Exercise description
Your task is to print all of the data below exactly, with no pictures included.

Collected material
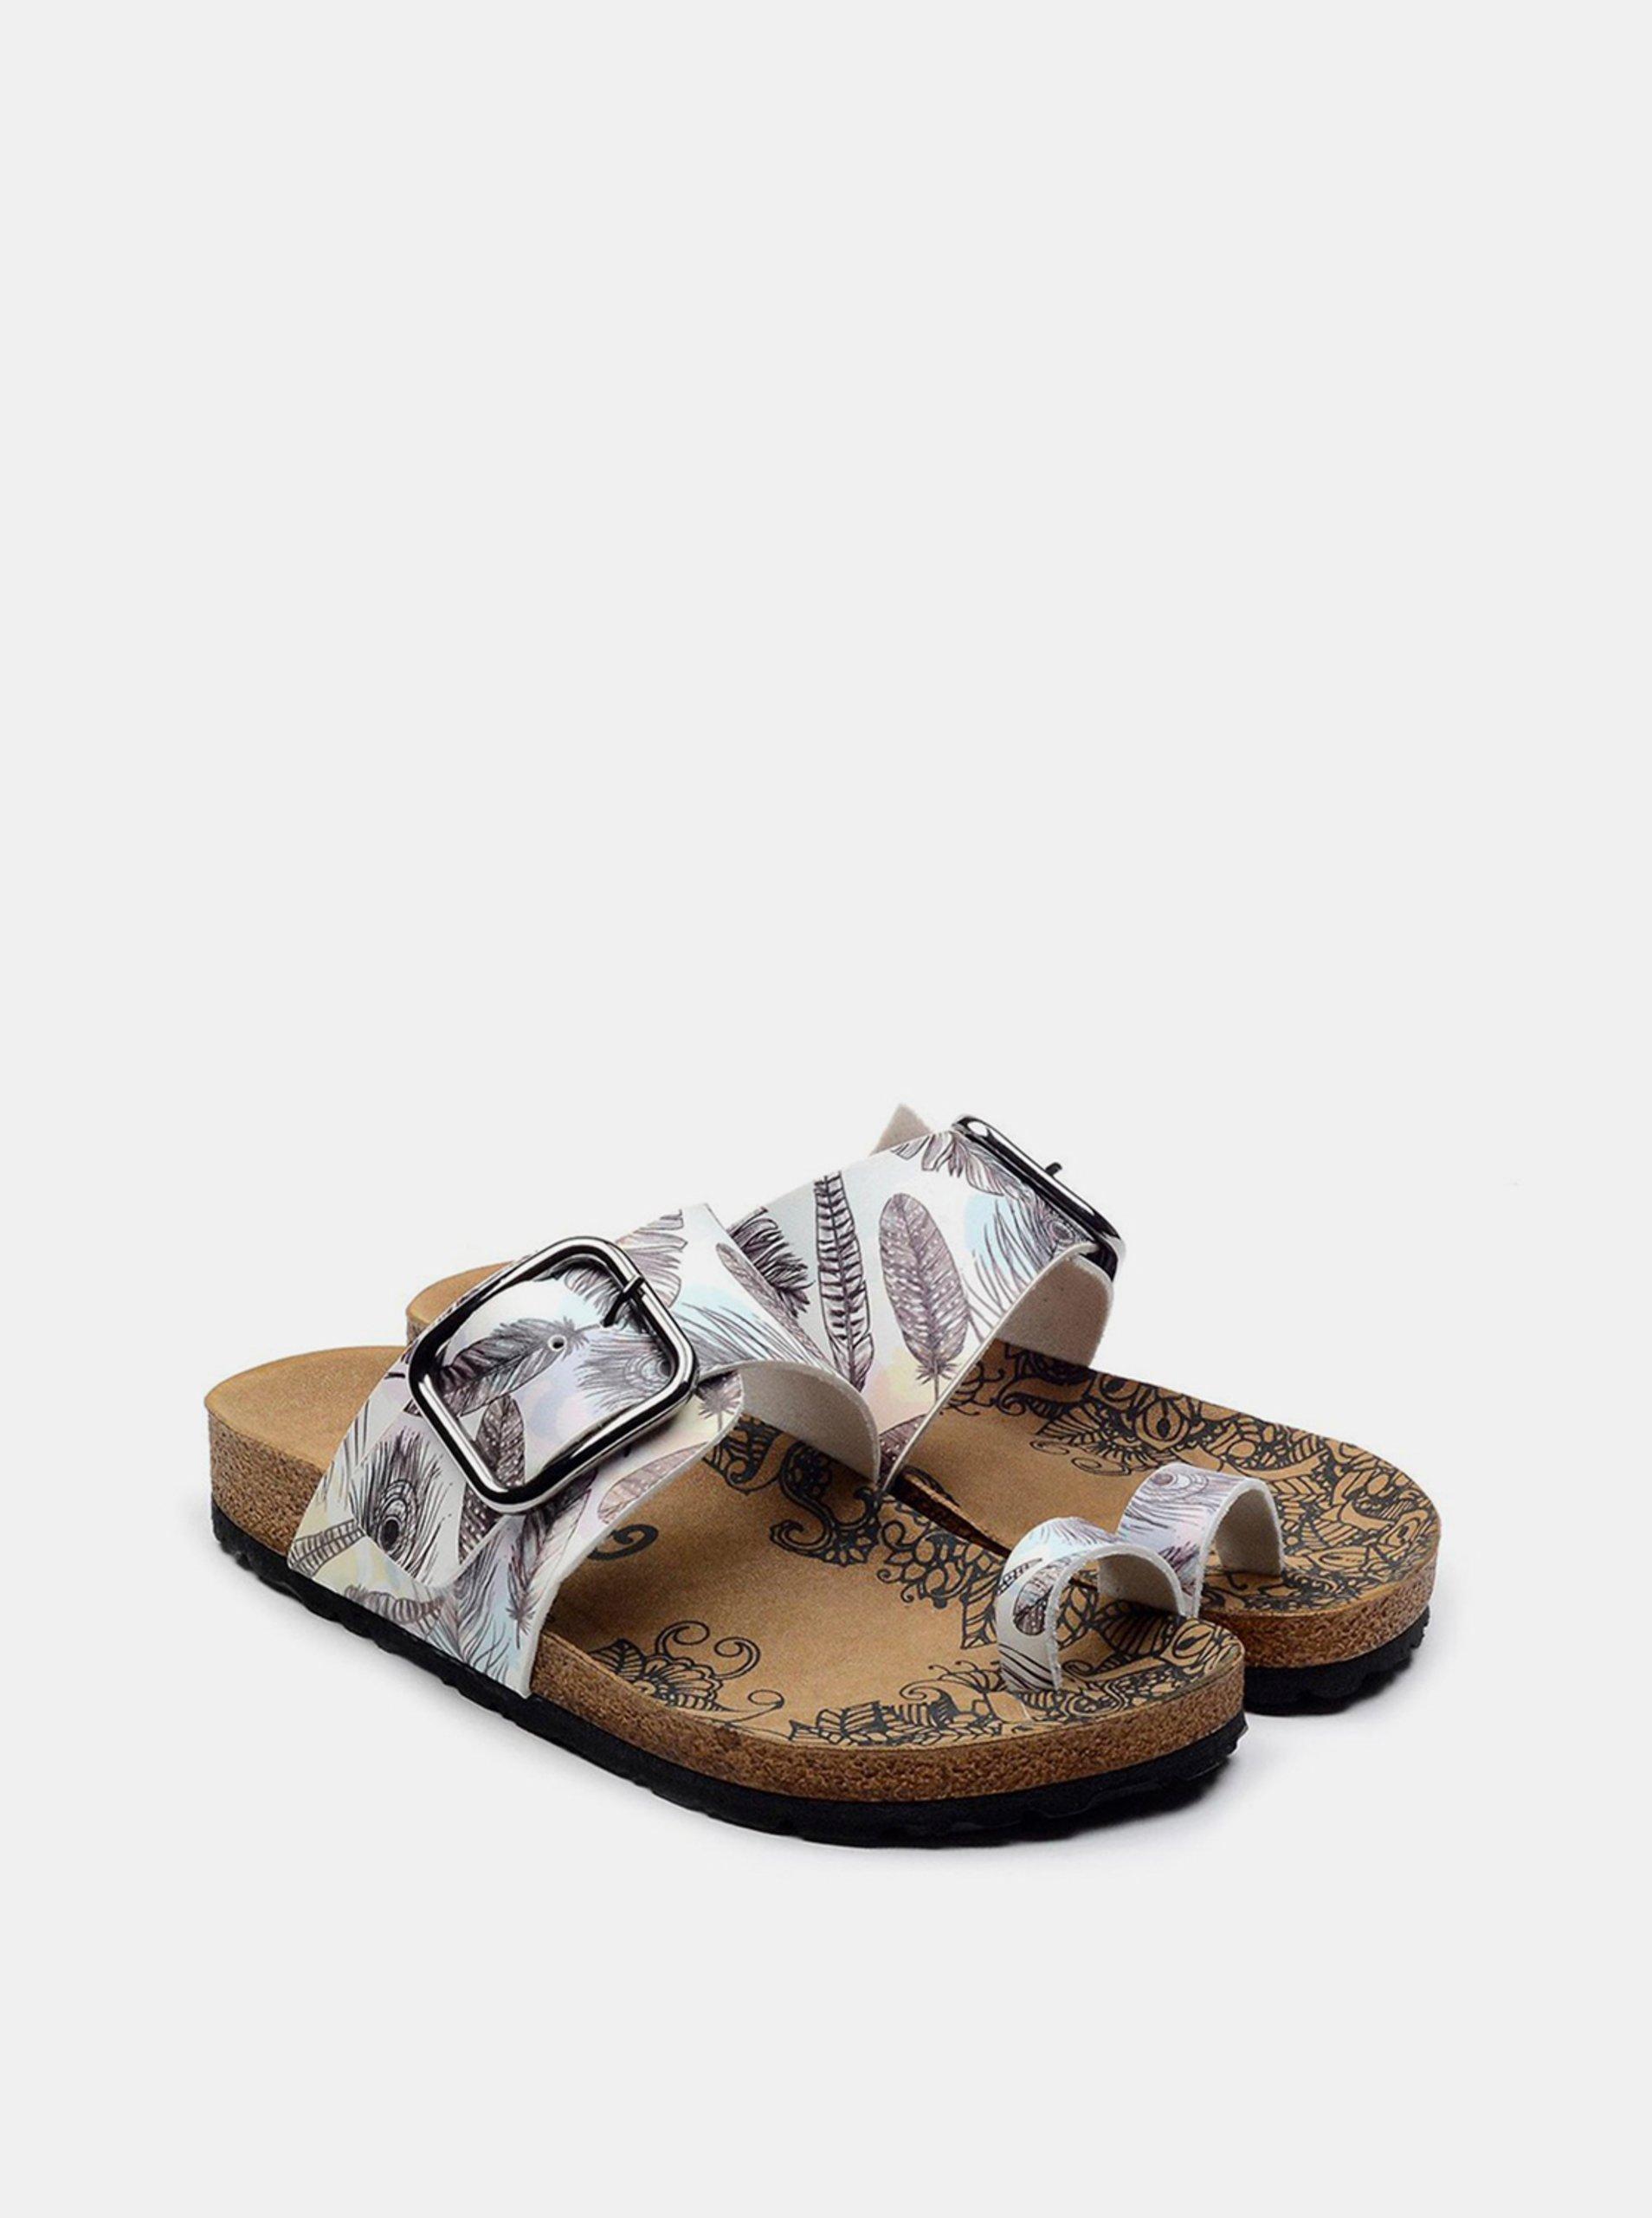 Calceo biele šľapky Thong Sandals Feather.
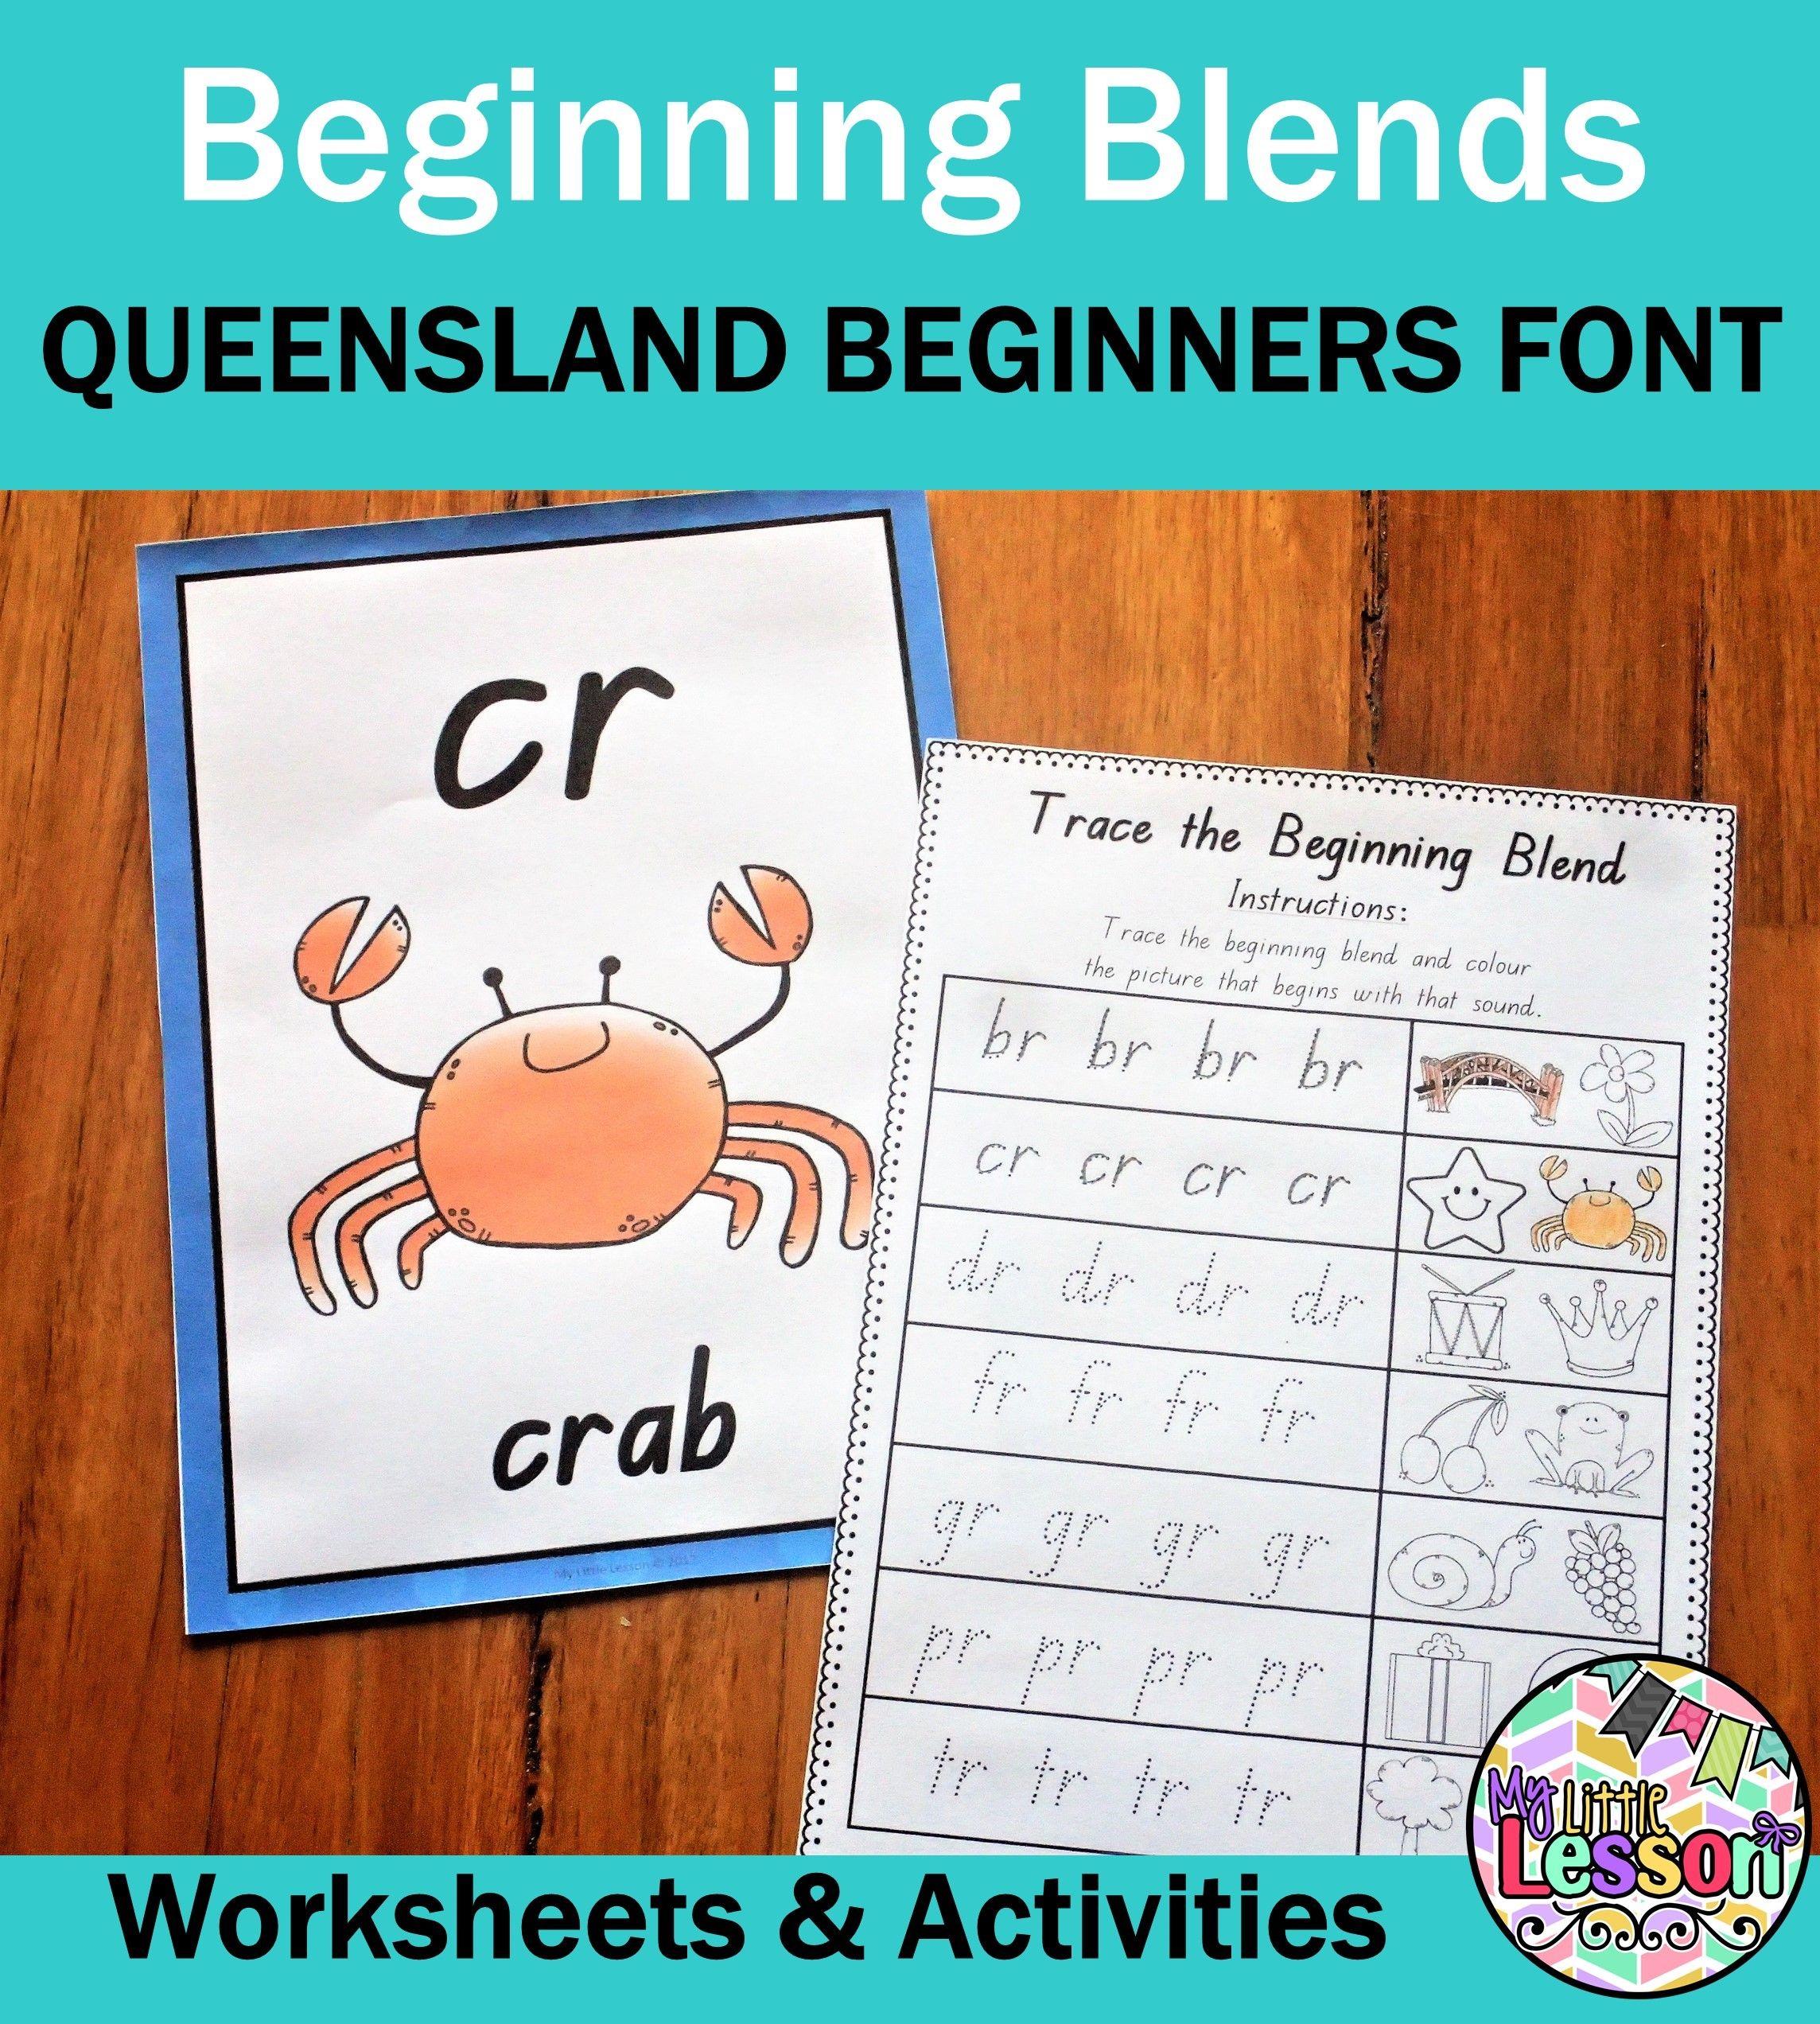 Beginning Blends Br Cr Dr Fr Gr Pr Tr Qld Beginners Font
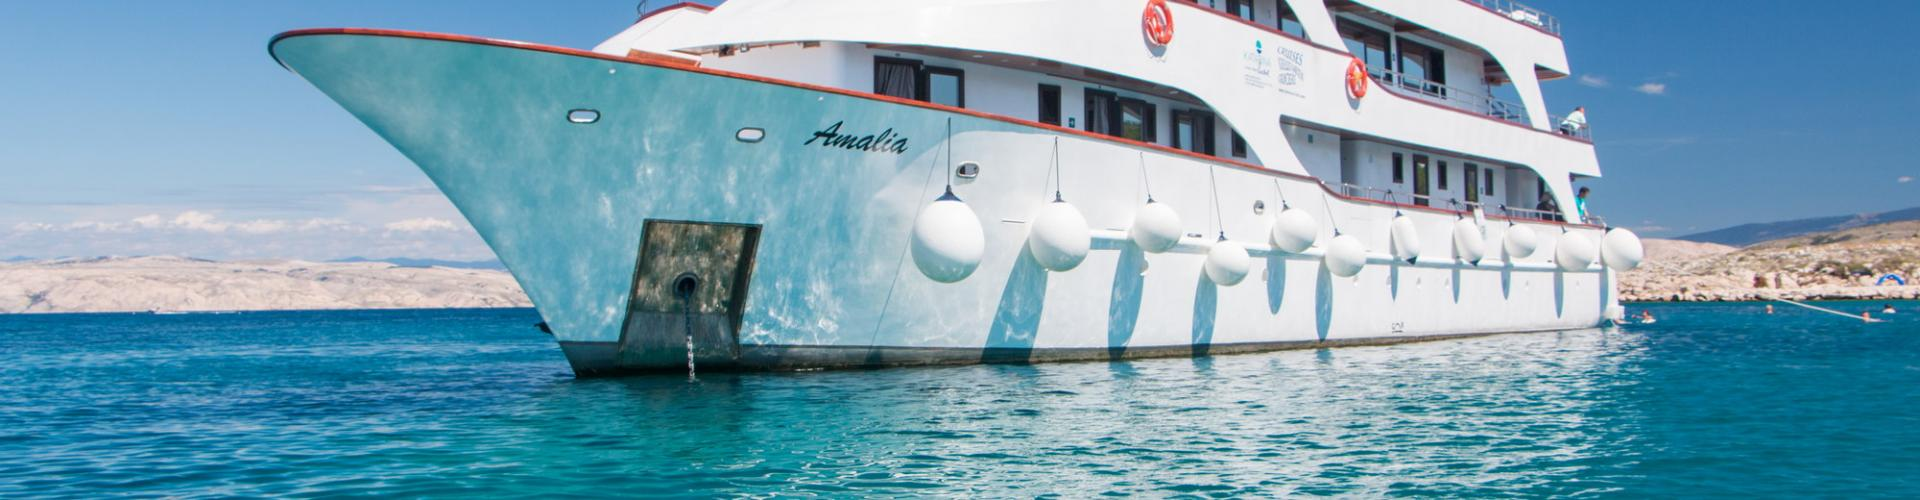 Premium Superior Kreuzfahrtschiff MV Amalia- Motoryacht

Result for this task
 Calceo biele šľapky Thong Sandals Feather.
 Beginning Blends Br Cr Dr Fr Gr Pr Tr Qld Beginners Font
 Premium Superior Kreuzfahrtschiff MV Amalia- Motoryacht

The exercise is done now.